# [Work request]
Please transcribe the listing below in full and word for word, without its pictures.

# [Raw data]
════════════════════

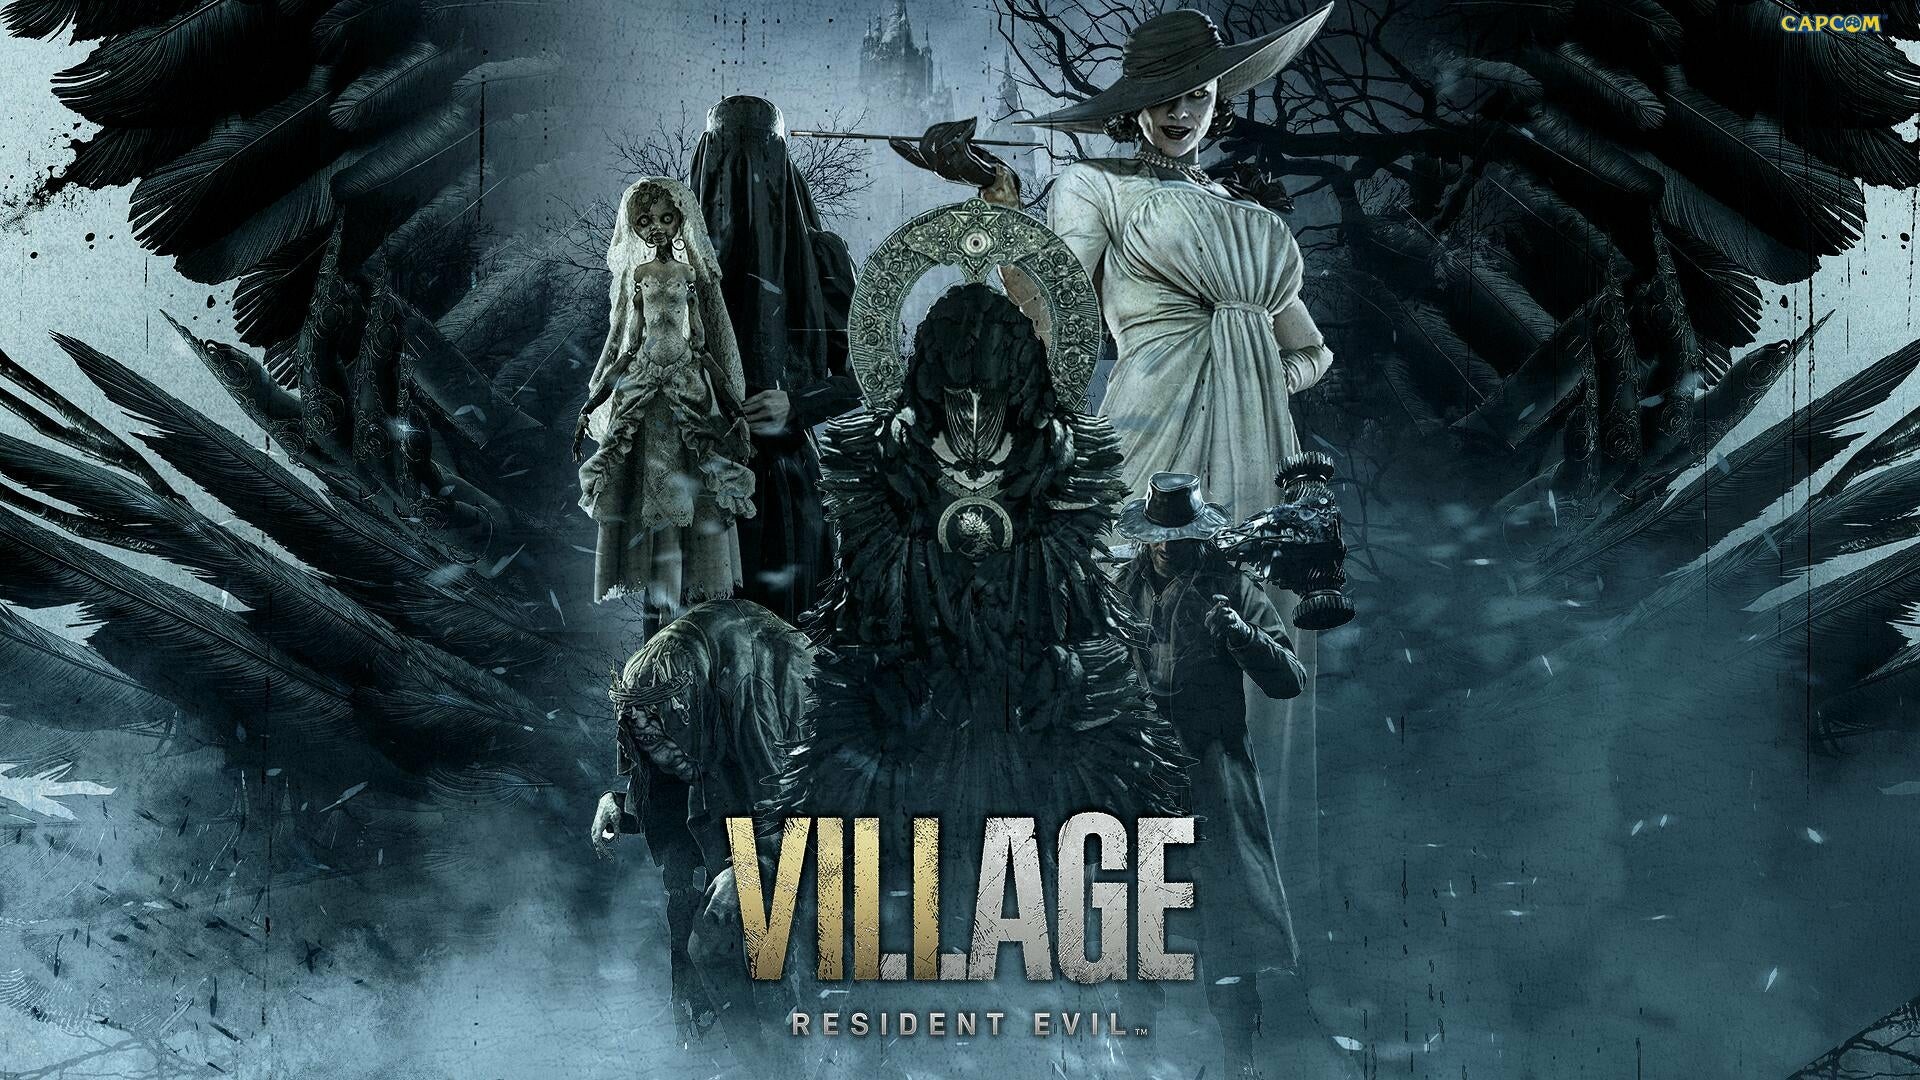 Resident Evil Village: The eighth major installment in the storied RE franchise. 1920x1080 Full HD Wallpaper.
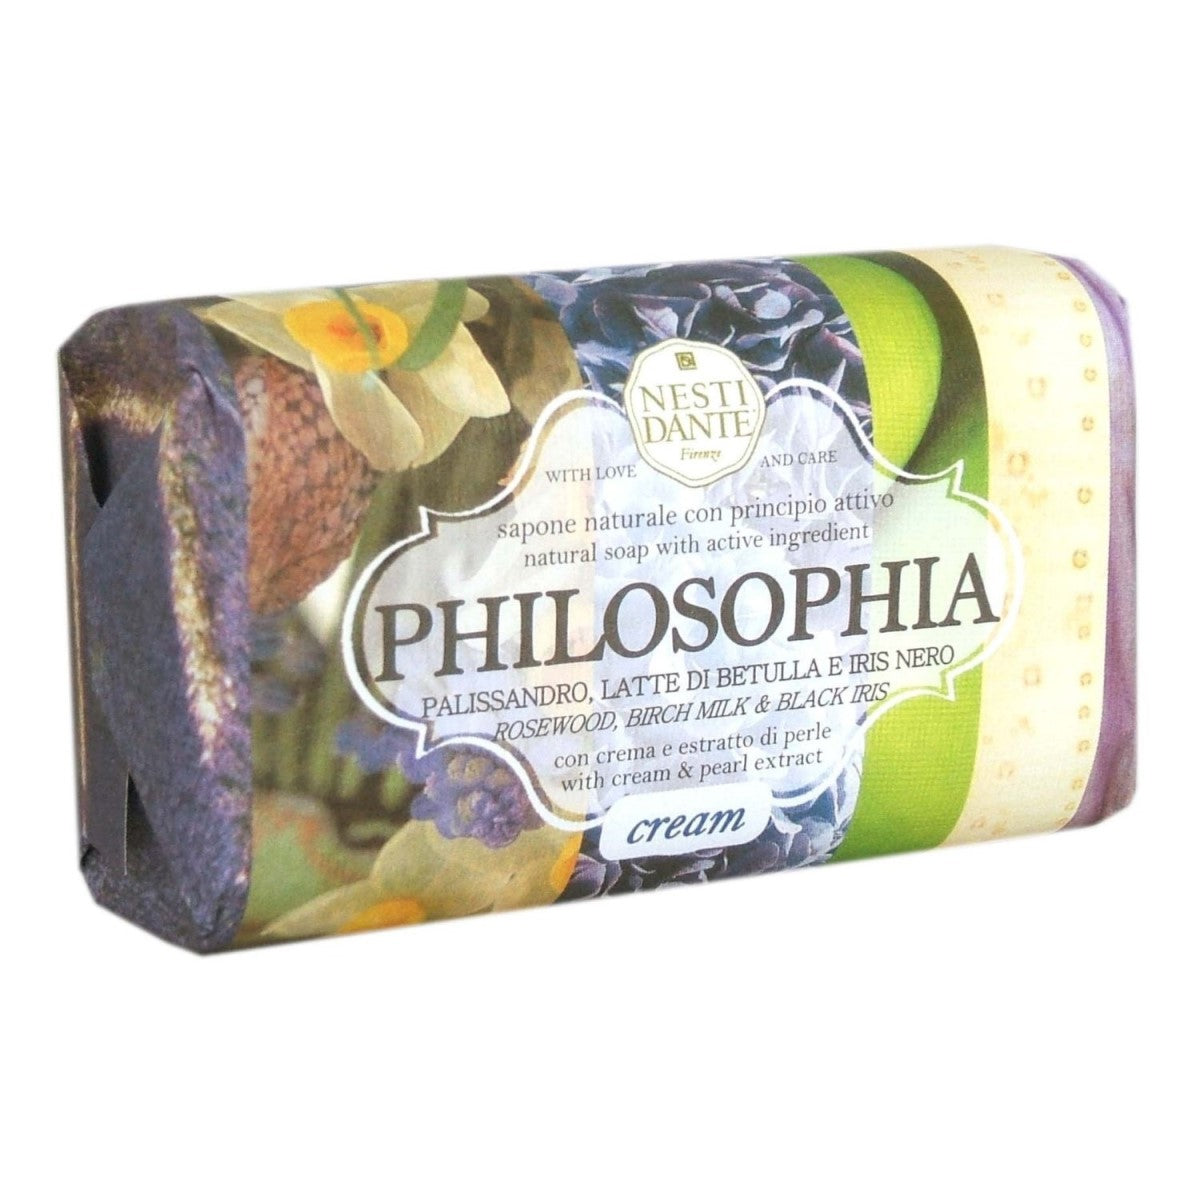 Primary Image of Philosophia Cream Soap
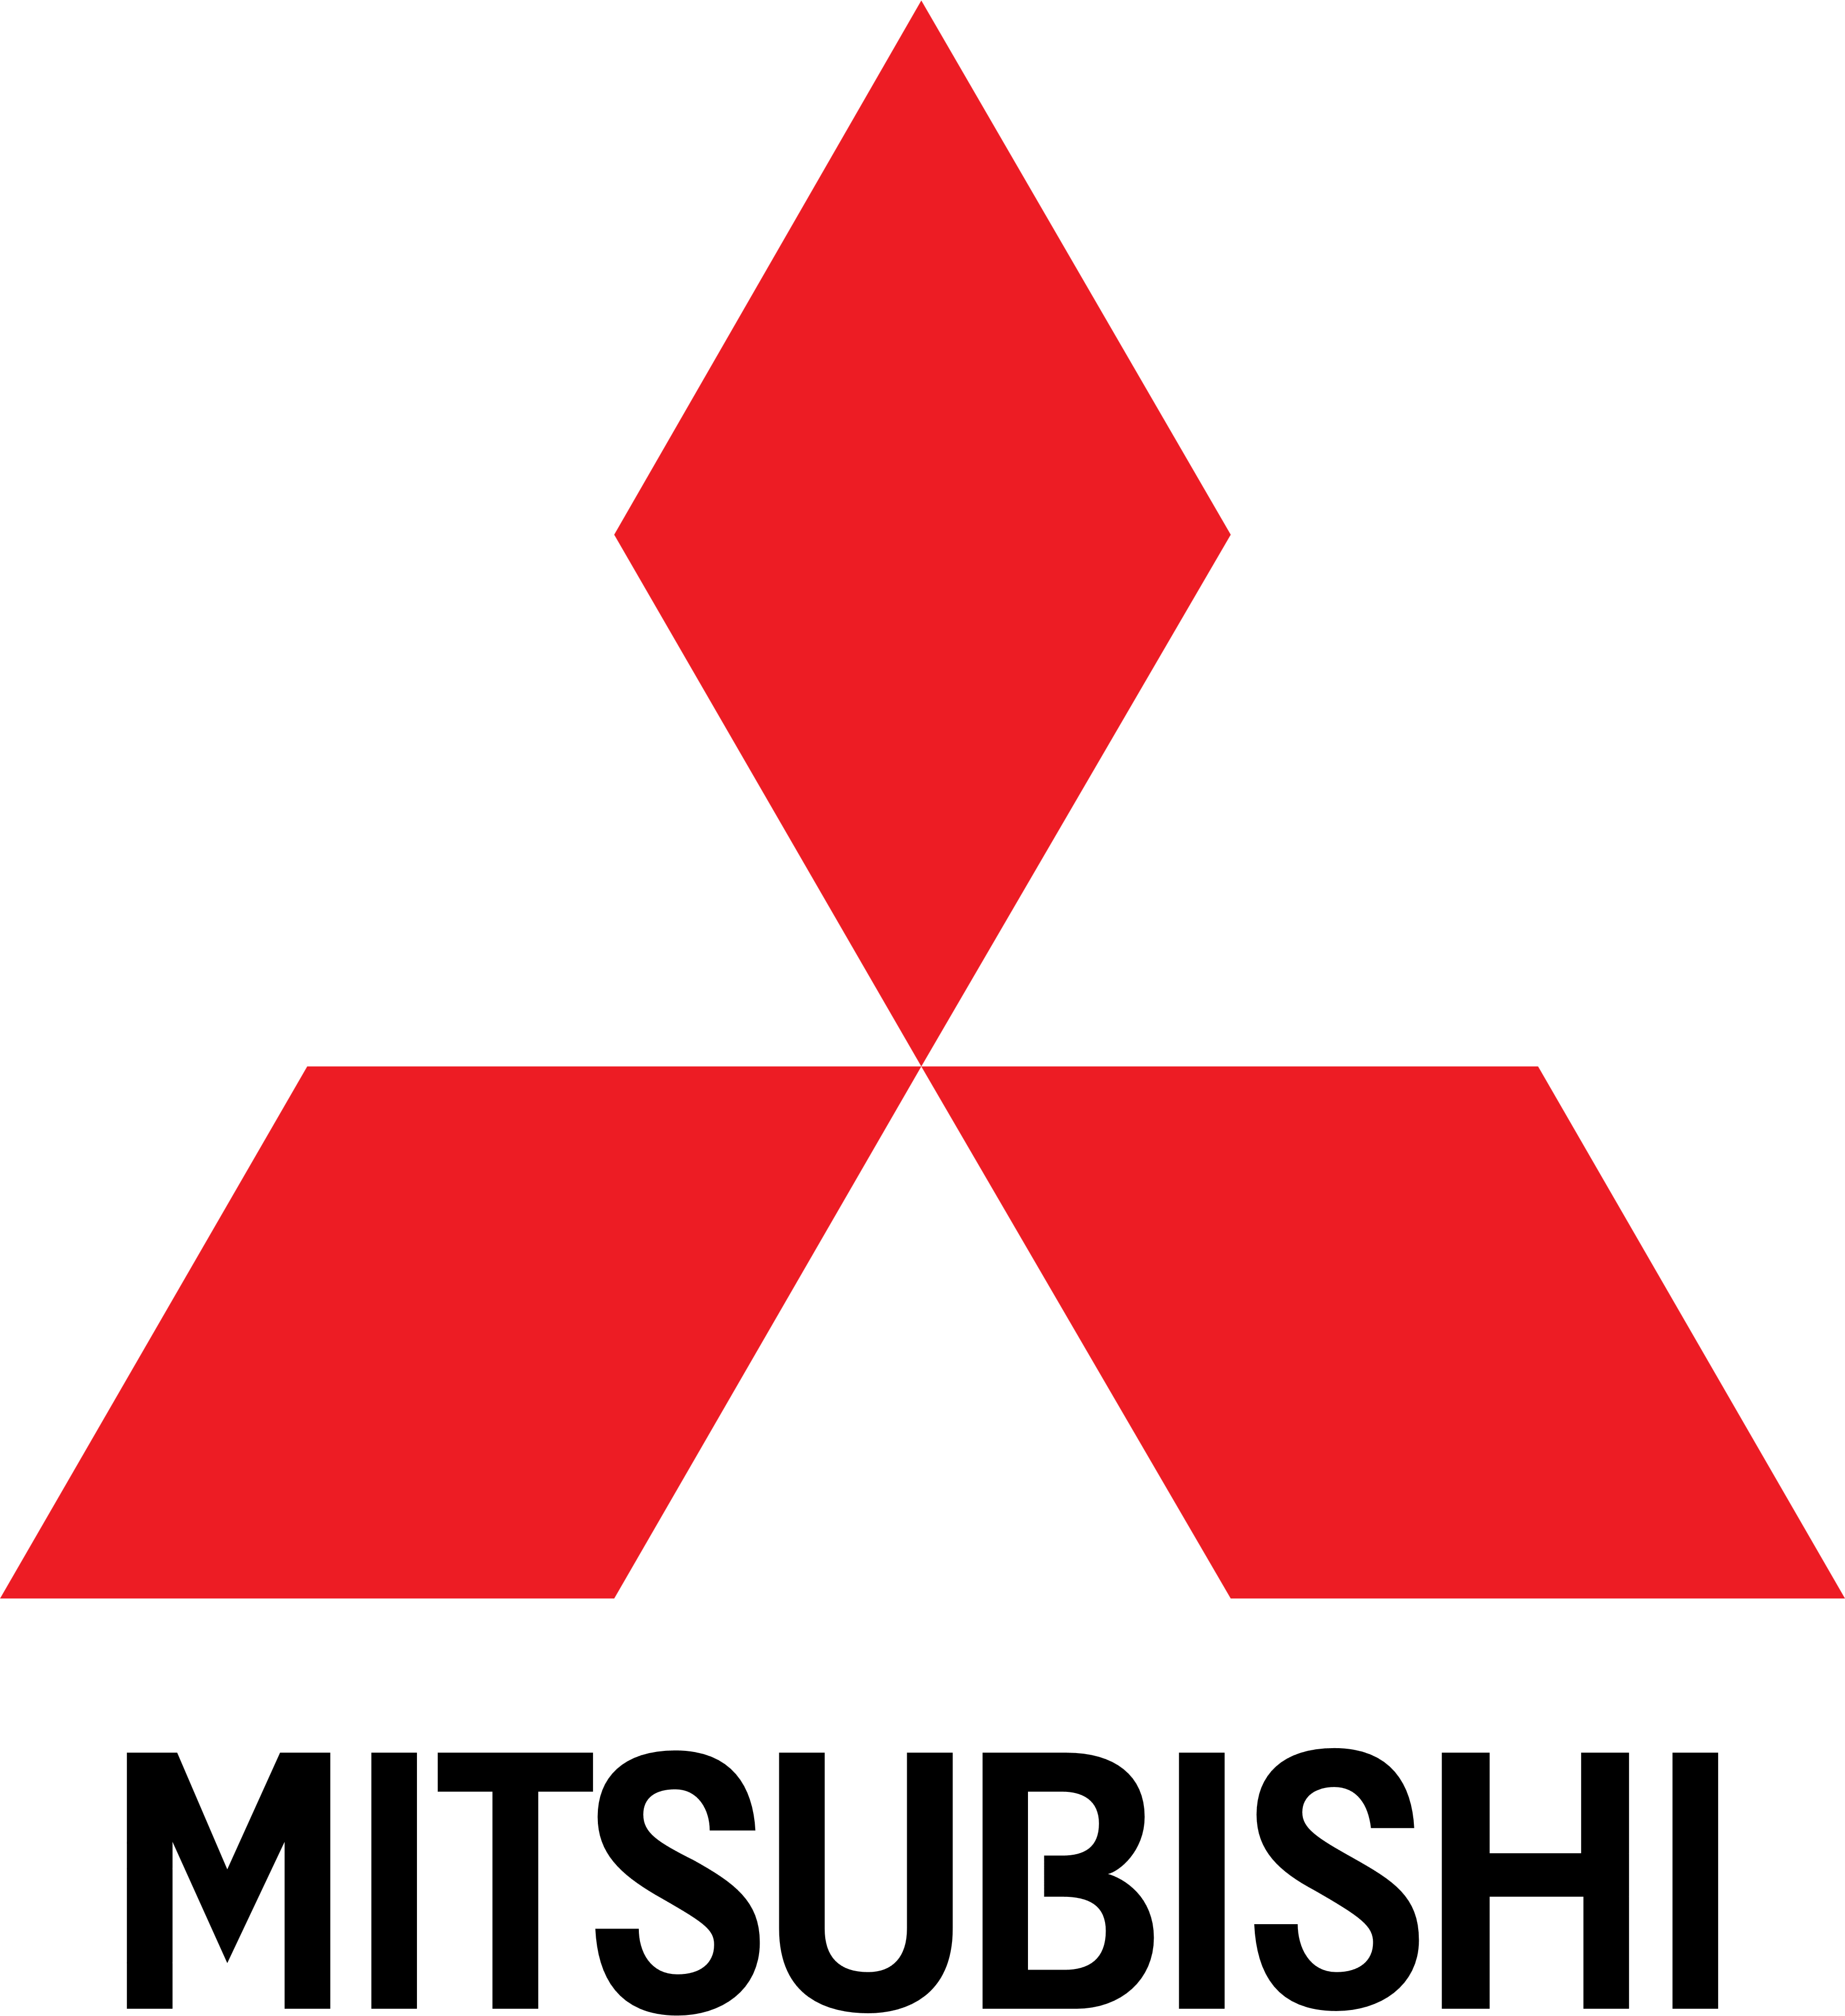 Mitsubishi | Polaris Automation Technical Competencies

════════════════════

# [Task response]
 Resident Evil Village: The eighth major installment in the storied RE franchise. 1920x1080 Full HD Wallpaper.
 Primary Image of Philosophia Cream Soap
 Mitsubishi | Polaris Automation Technical Competencies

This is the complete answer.